* _Directions_: The pictures get dropped, while every remaining part of the listing is copied exactly.

* _Available data_:
▬▬▬▬▬▬
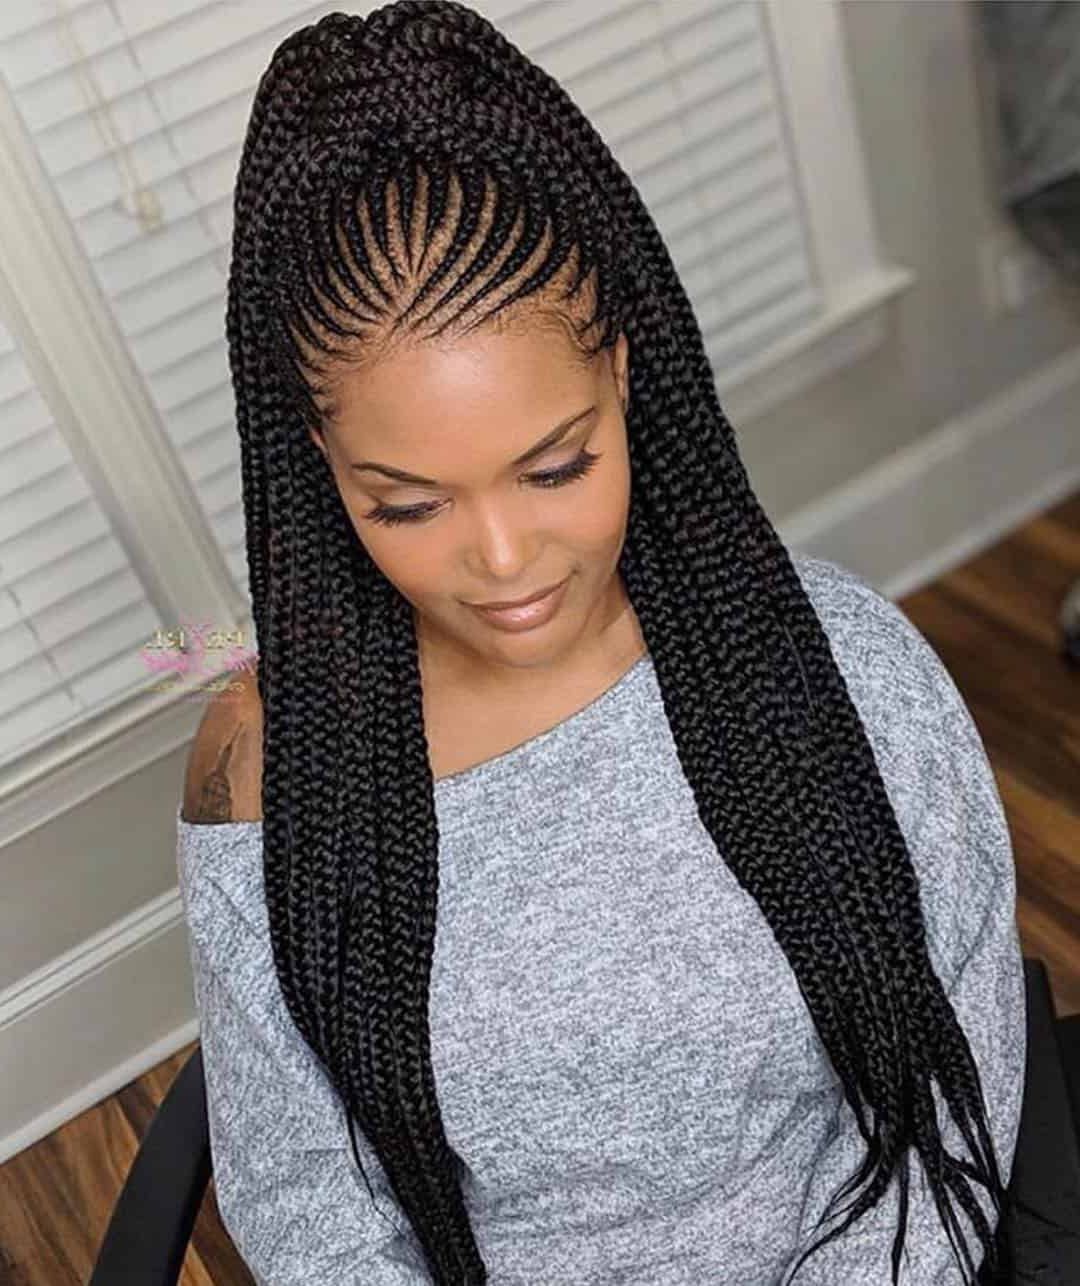 27 Lovely Lemonade Braids To Refresh Your Look – Wild About With Regard To Most Popular Diamond Goddess Lemonade Braided Hairstyles (View 16 of 20)
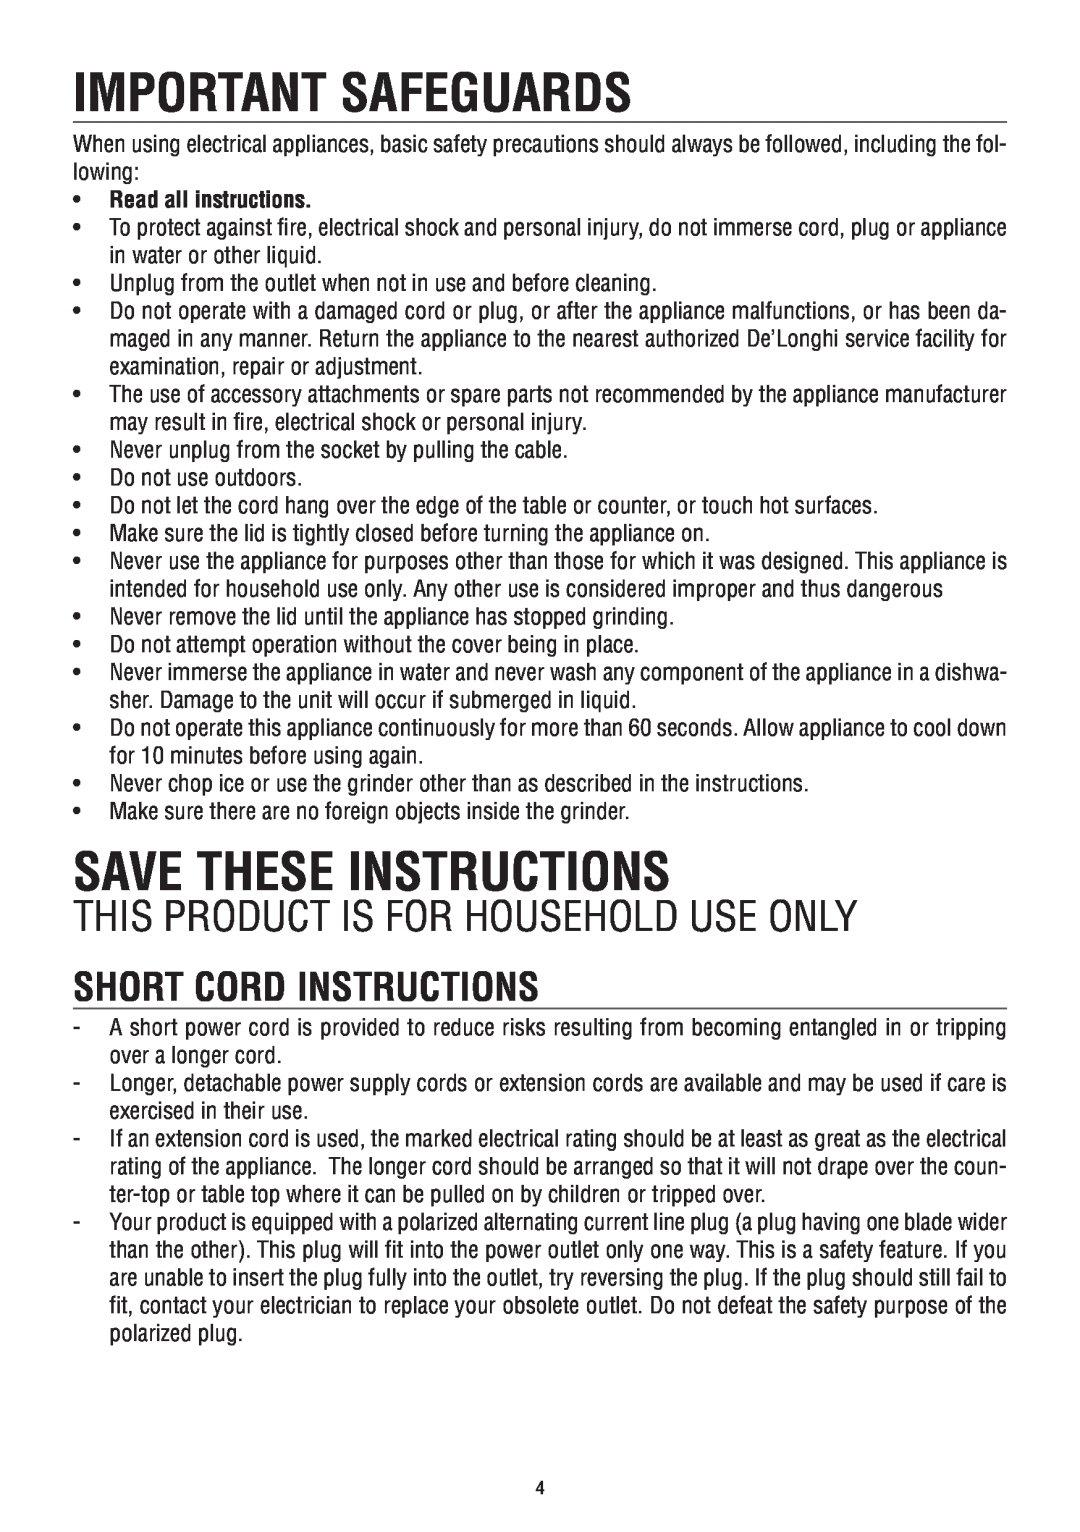 DeLonghi KG49 manual Short Cord Instructions, Read all instructions, Important Safeguards, Save These Instructions 
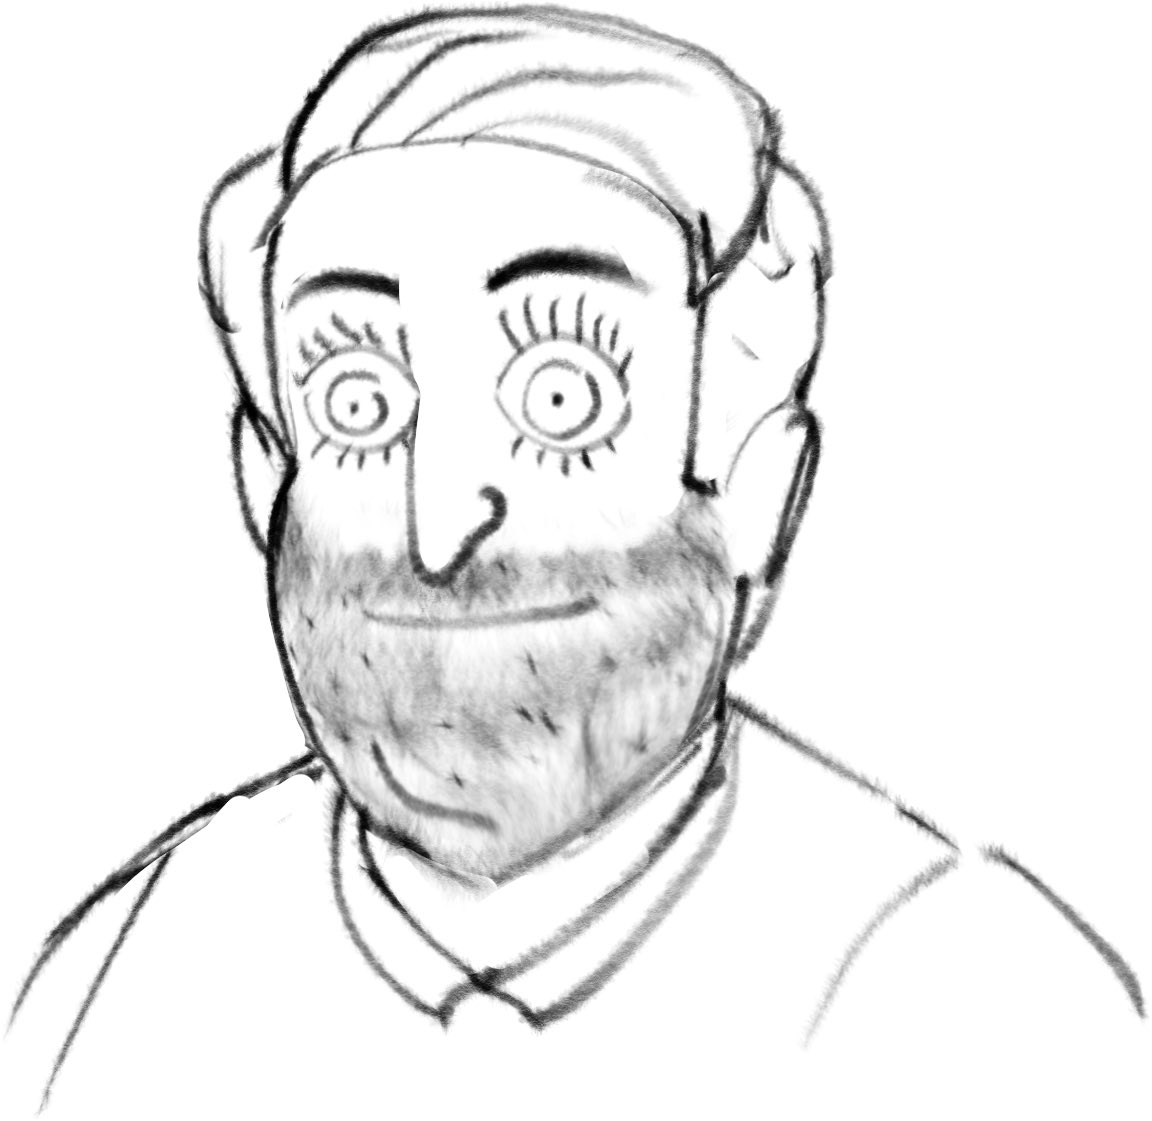 Wade Whipple from memory
▬▬▬▬▬▬
* _Result_:
 27 Lovely Lemonade Braids To Refresh Your Look – Wild About With Regard To Most Popular Diamond Goddess Lemonade Braided Hairstyles (View 16 of 20)
 DeLonghi KG49 manual Short Cord Instructions, Read all instructions, Important Safeguards, Save These Instructions 
 Wade Whipple from memory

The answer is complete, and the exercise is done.